■ **Recorded information**:
-- Opening Marker --
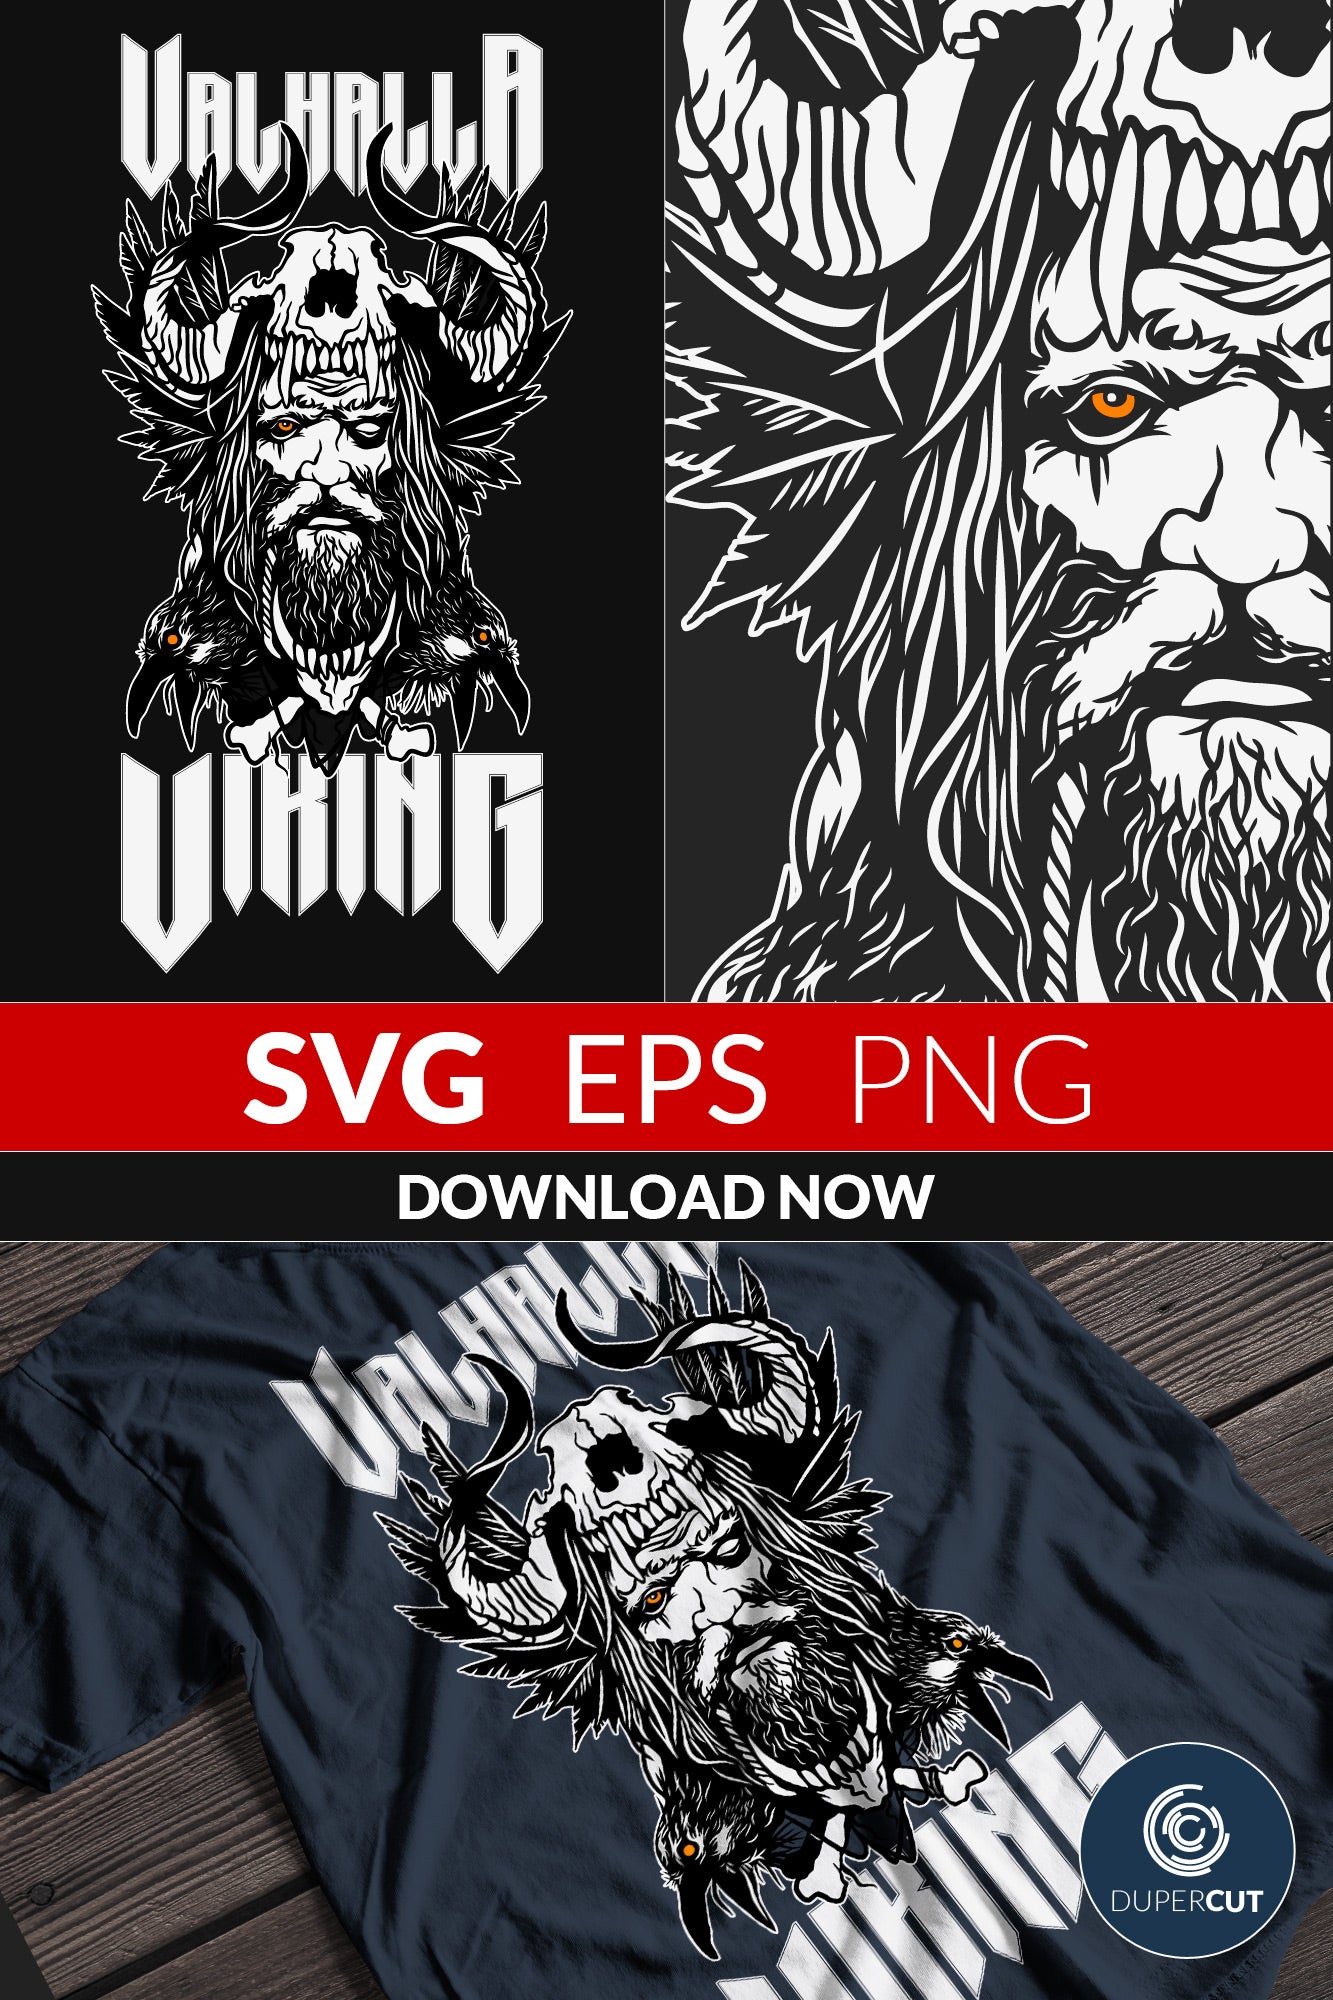 Vlhalla Viking - digital download for custom apparel - EPS, SVG, PNG files. Vector Colour illustration for print on demand, sublimation, custom t-shirts, hoodies, tumblers.
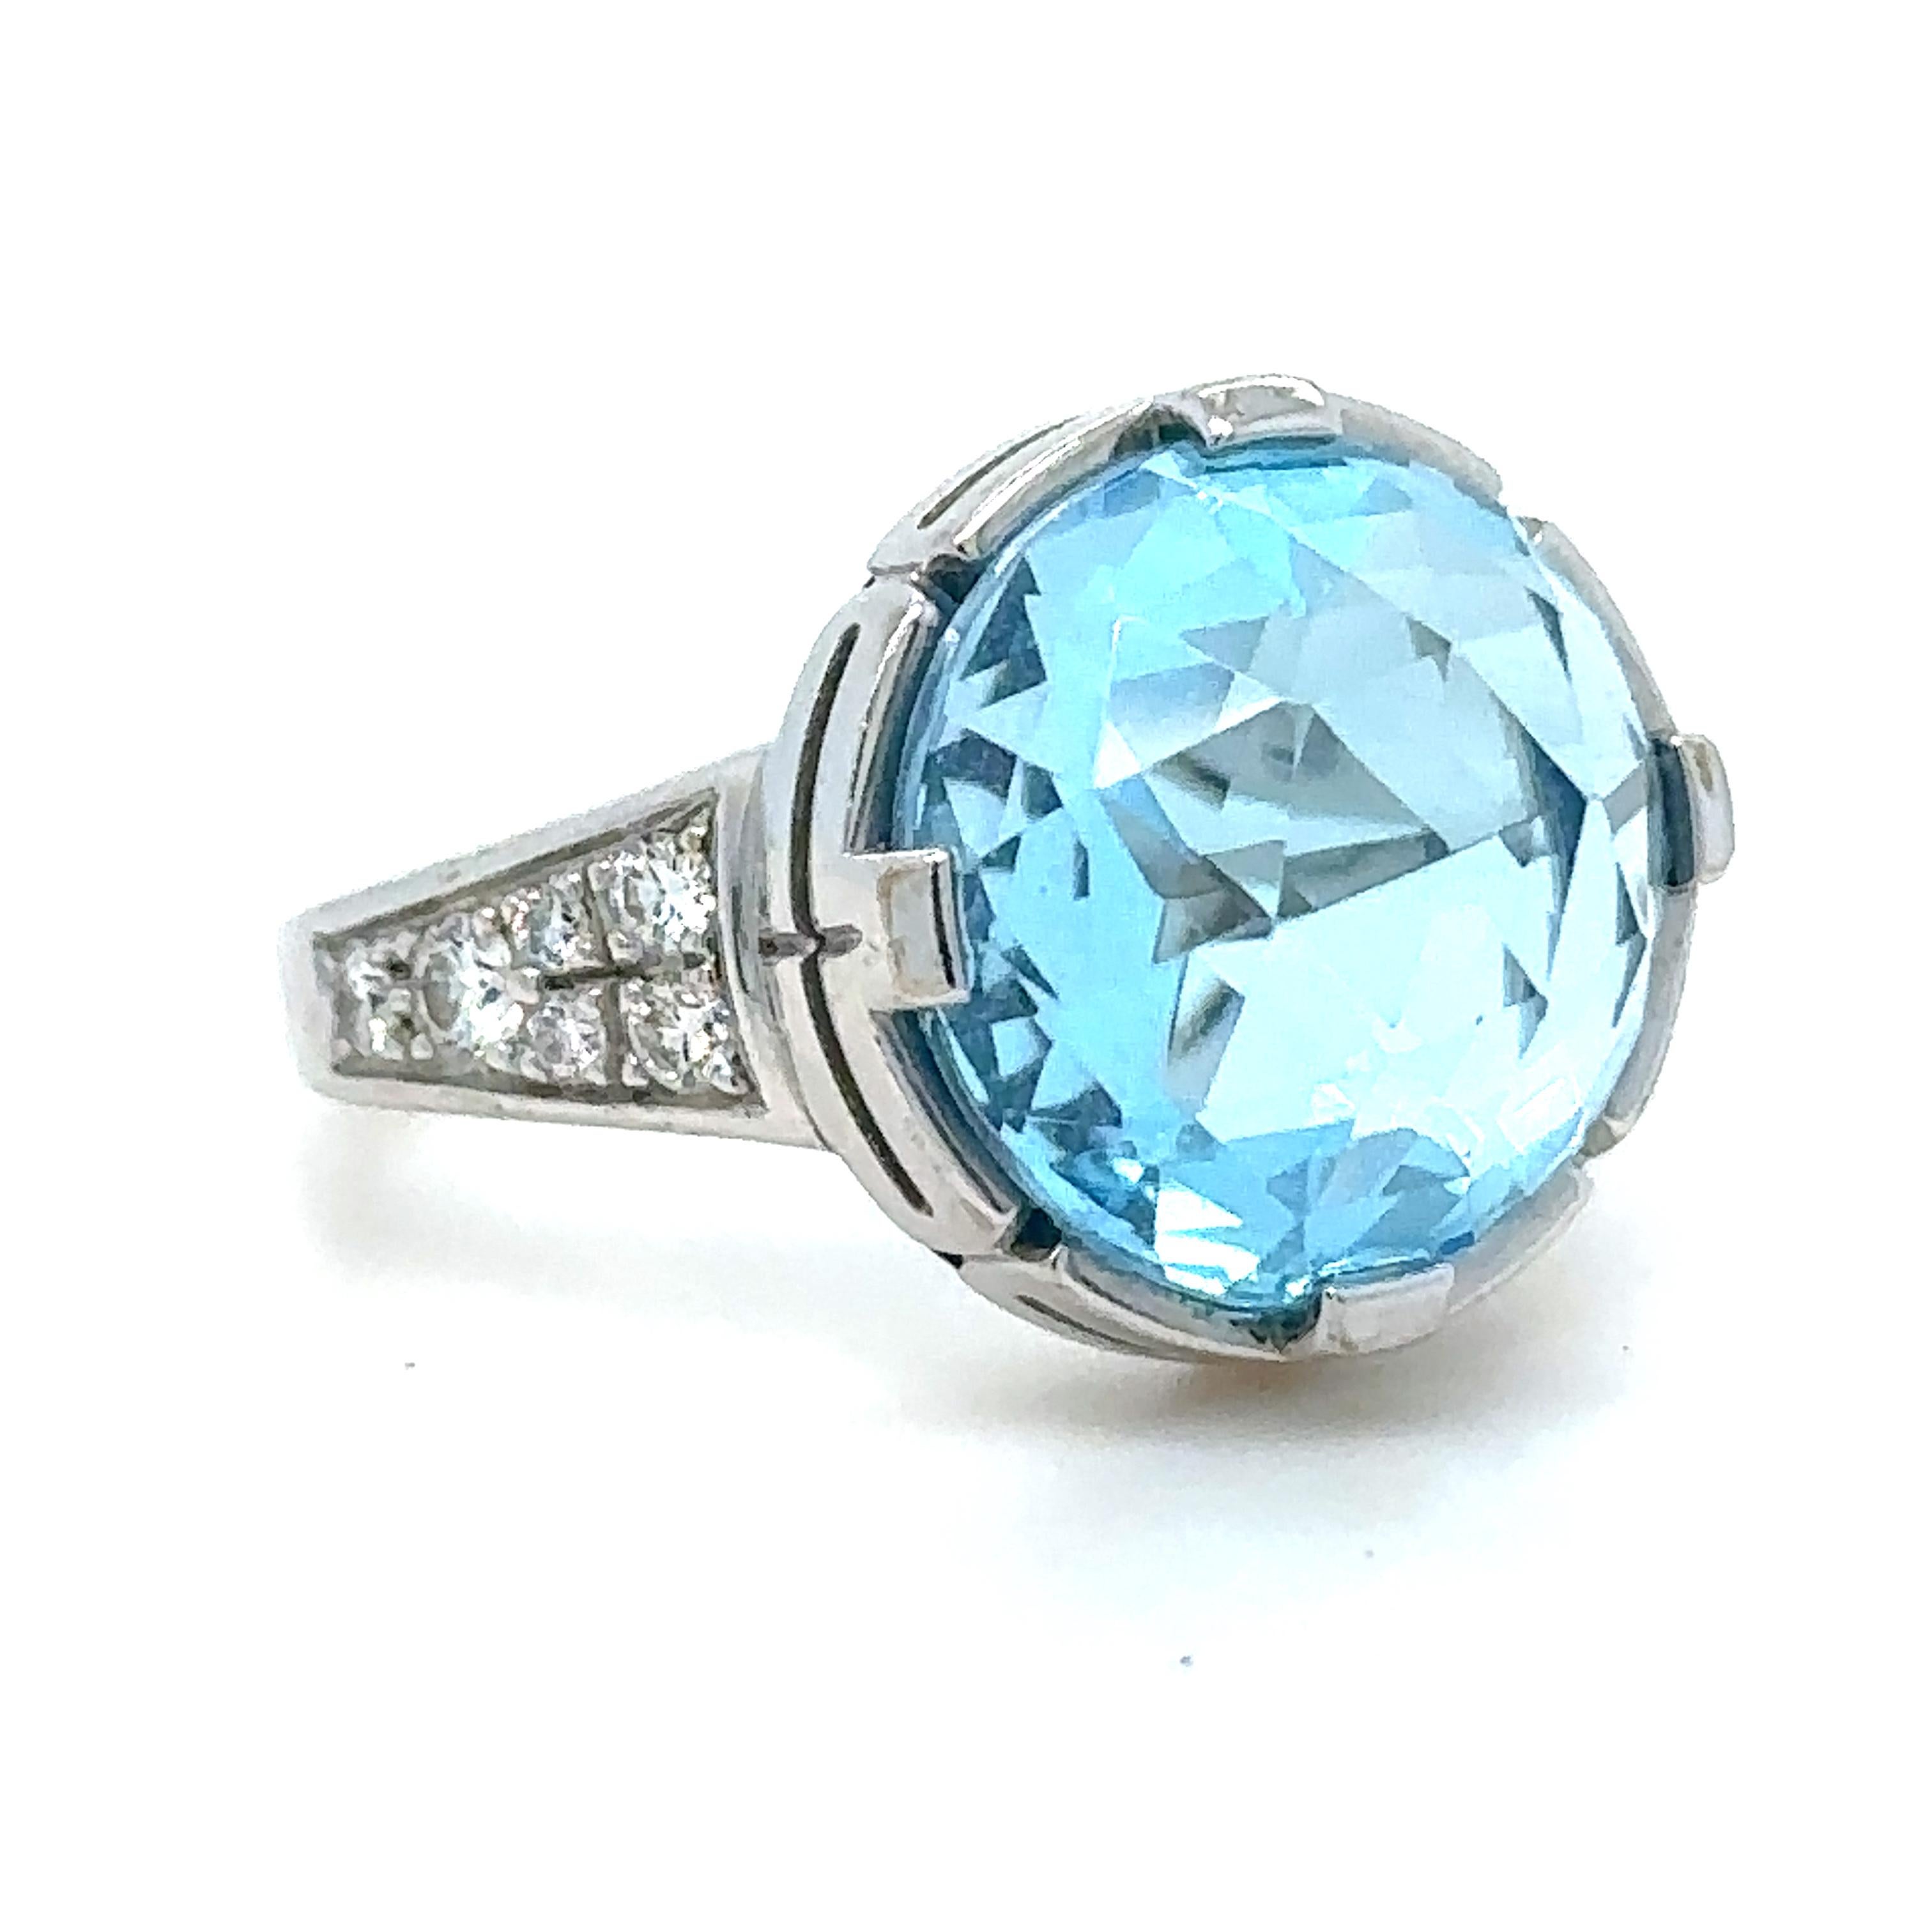 A Bvlgari Parentesi Diamond Topaz Cocktail Ring in White Gold with One large Blue Topaz and 12 x diamonds.

Metal: 18k White Gold
Carat: Blue Topaz 2.3ct  Diamond 0.32ct
Colour: N/A
Clarity:  N/A
Cut: Round Brilliant Cut
Weight: 6.2
-- Closing Marker --
Restate the data above word for word, so that the only difference is the missing pictures.

■ **Response to the task**:
 Vlhalla Viking - digital download for custom apparel - EPS, SVG, PNG files. Vector Colour illustration for print on demand, sublimation, custom t-shirts, hoodies, tumblers.
 A Bvlgari Parentesi Diamond Topaz Cocktail Ring in White Gold with One large Blue Topaz and 12 x diamonds.

Metal: 18k White Gold
Carat: Blue Topaz 2.3ct  Diamond 0.32ct
Colour: N/A
Clarity:  N/A
Cut: Round Brilliant Cut
Weight: 6.2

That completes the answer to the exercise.